*Records supplied*:
◆ ◆ ◆

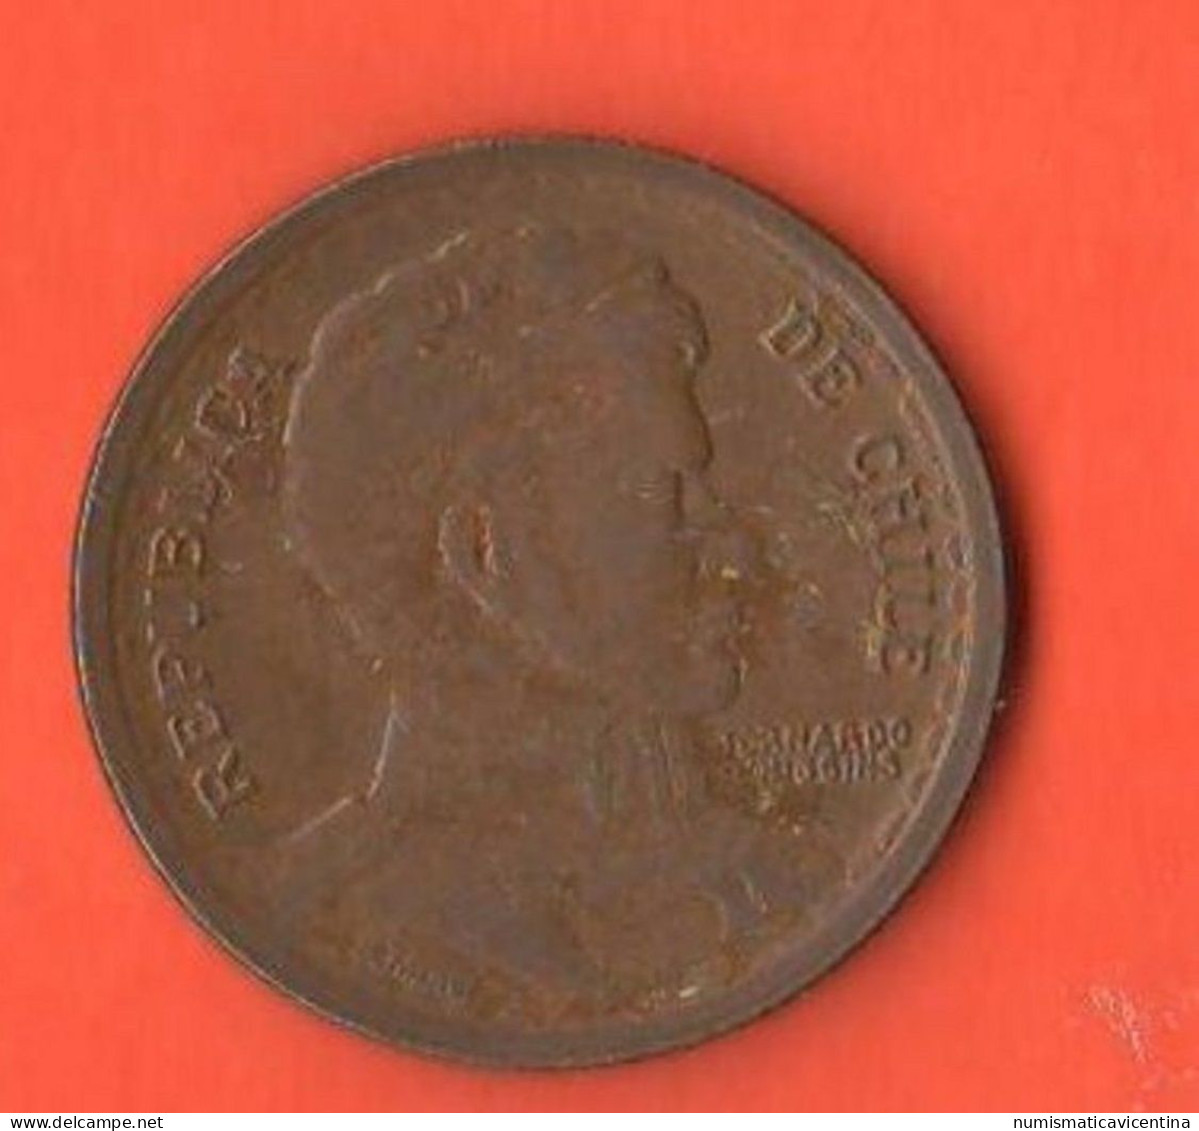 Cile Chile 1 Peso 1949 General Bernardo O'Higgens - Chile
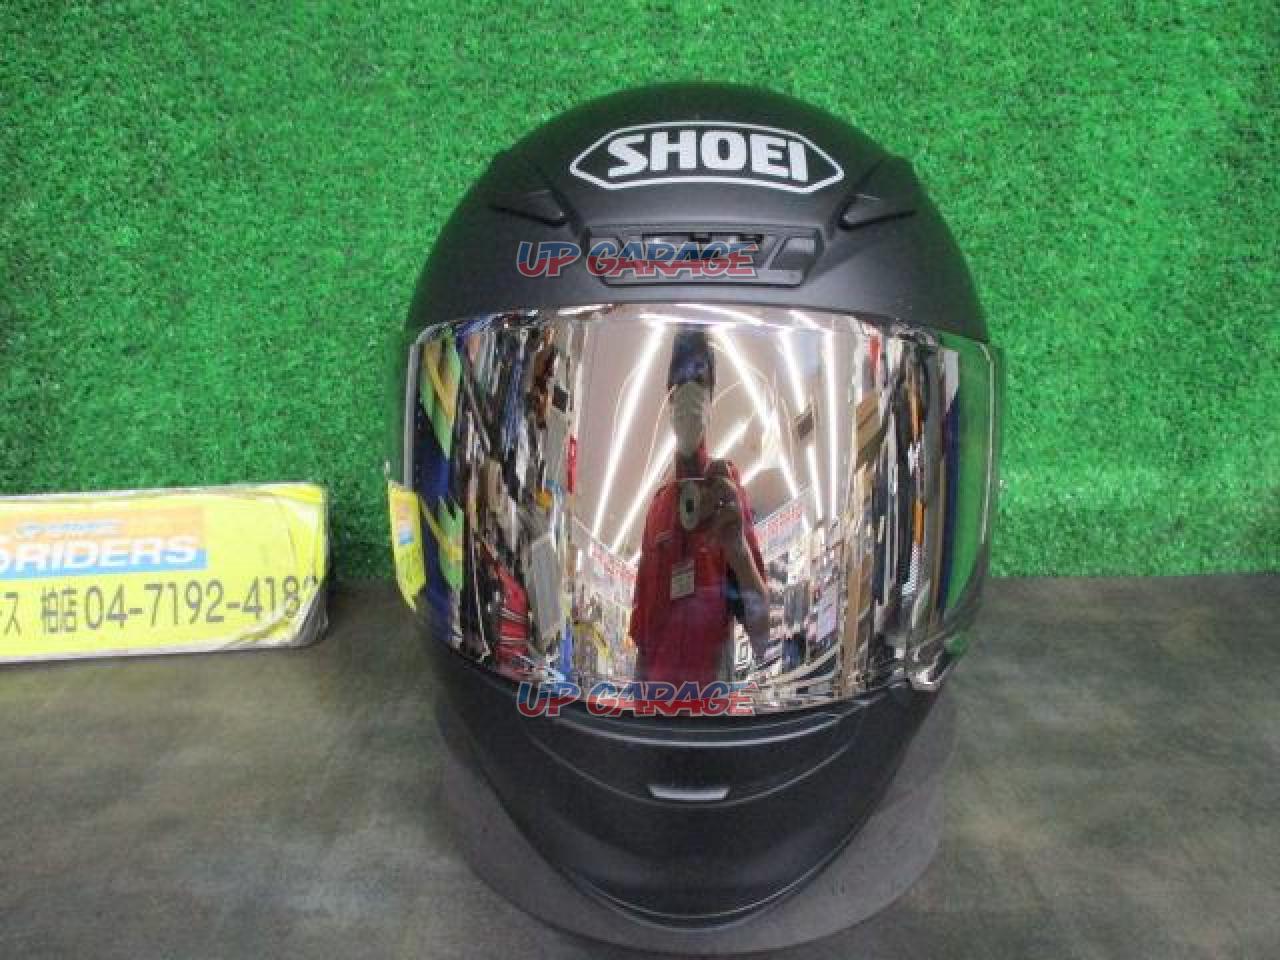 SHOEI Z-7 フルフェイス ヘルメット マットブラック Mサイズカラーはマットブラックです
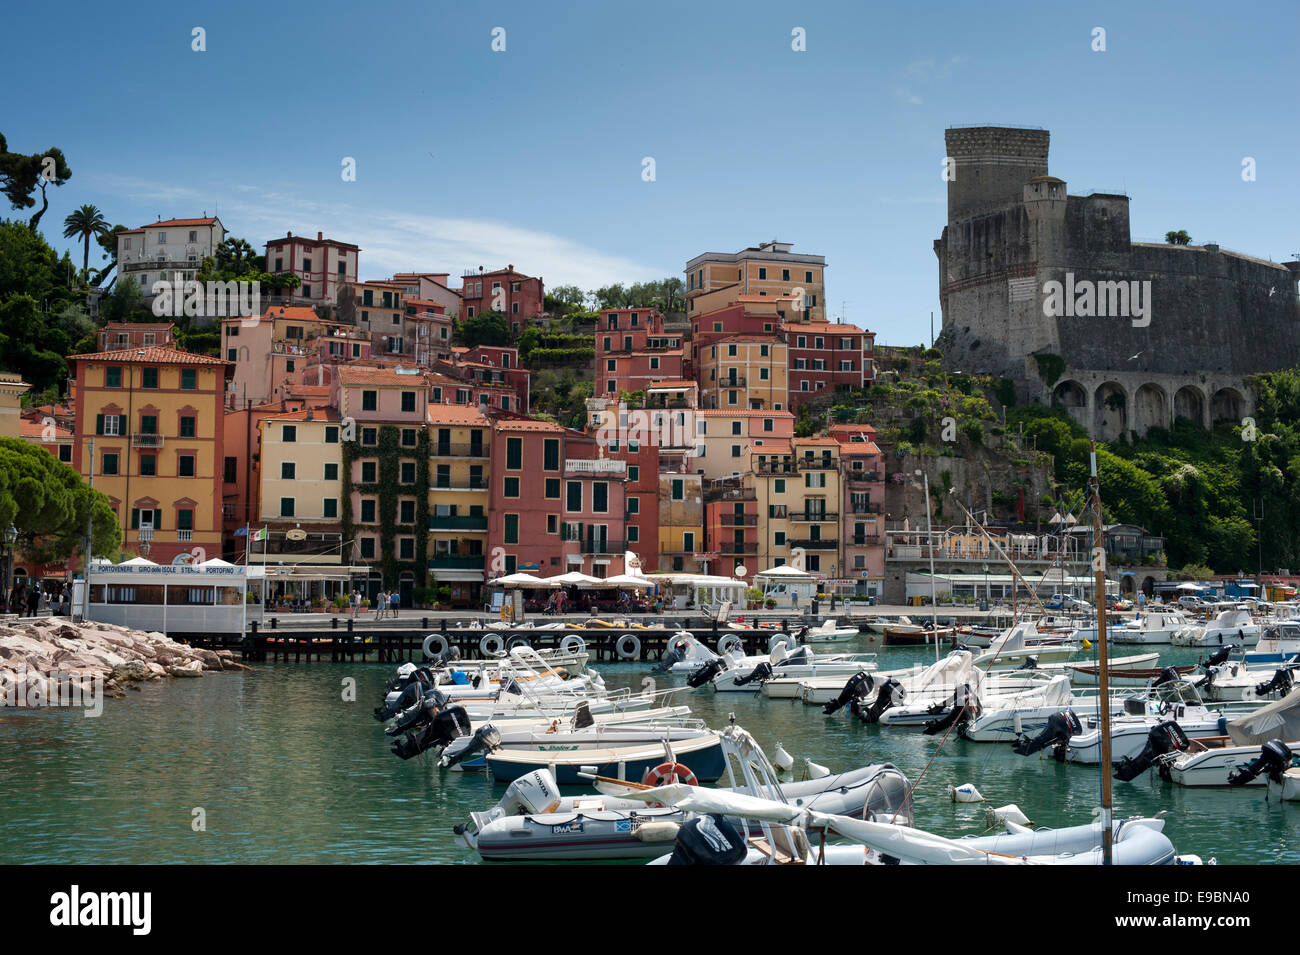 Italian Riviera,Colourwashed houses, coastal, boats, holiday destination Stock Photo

◆ ◆ ◆

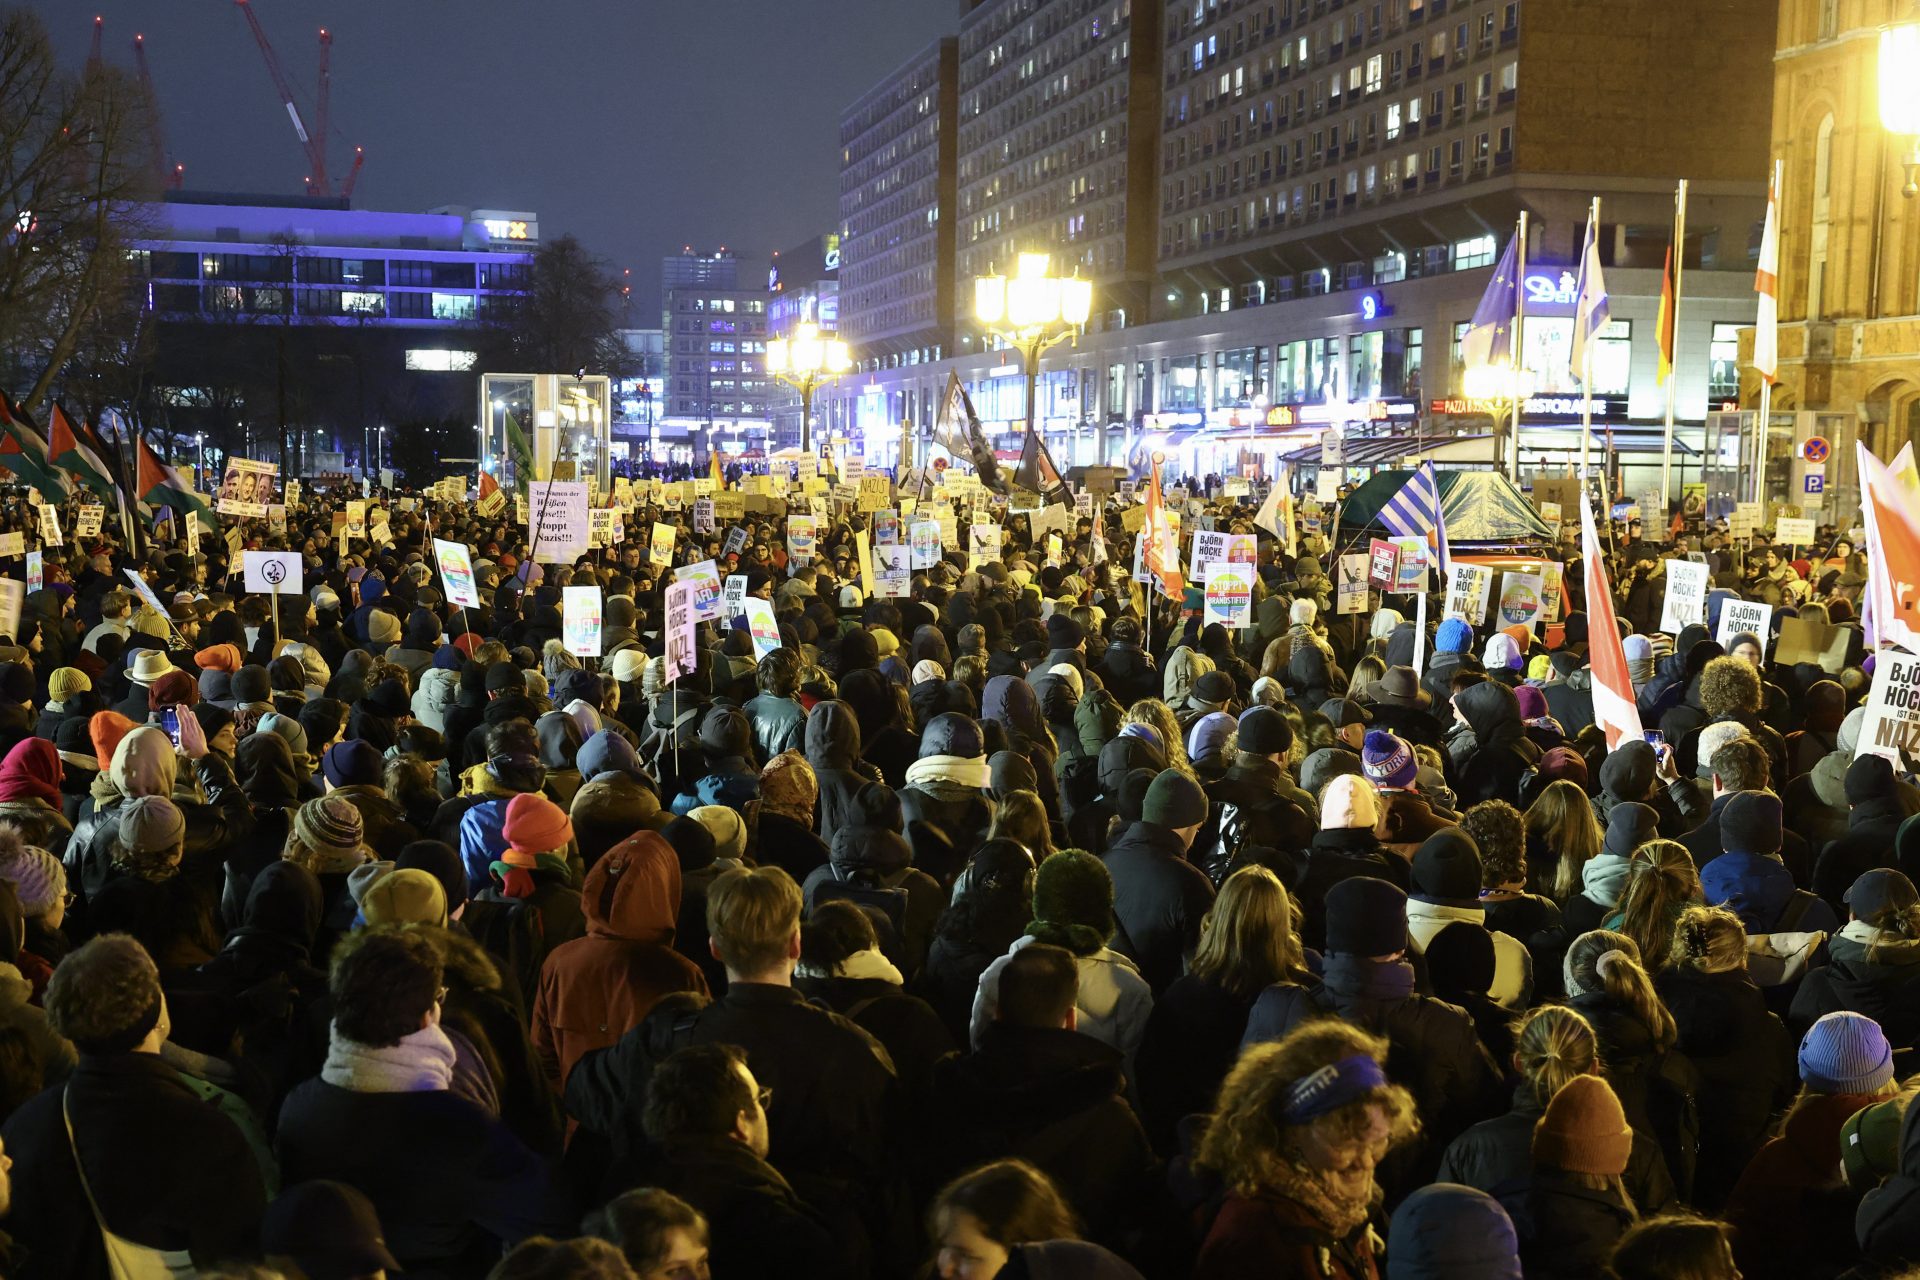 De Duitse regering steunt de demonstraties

◆ ◆ ◆

*Task description*: A verbatim reproduction is expected: starting at the line above that has "Cile Chile 1", ending at the line that has "Italian Riviera,Colourwashed houses, coastal, boats, holiday", both included, and with no pictures and no other lines.

*Your solution*:
 Cile Chile 1 Peso 1949 General Bernardo O'Higgens - Chile
 SHOEI Z-7 フルフェイス ヘルメット マットブラック Mサイズカラーはマットブラックです
 Italian Riviera,Colourwashed houses, coastal, boats, holiday destination Stock Photo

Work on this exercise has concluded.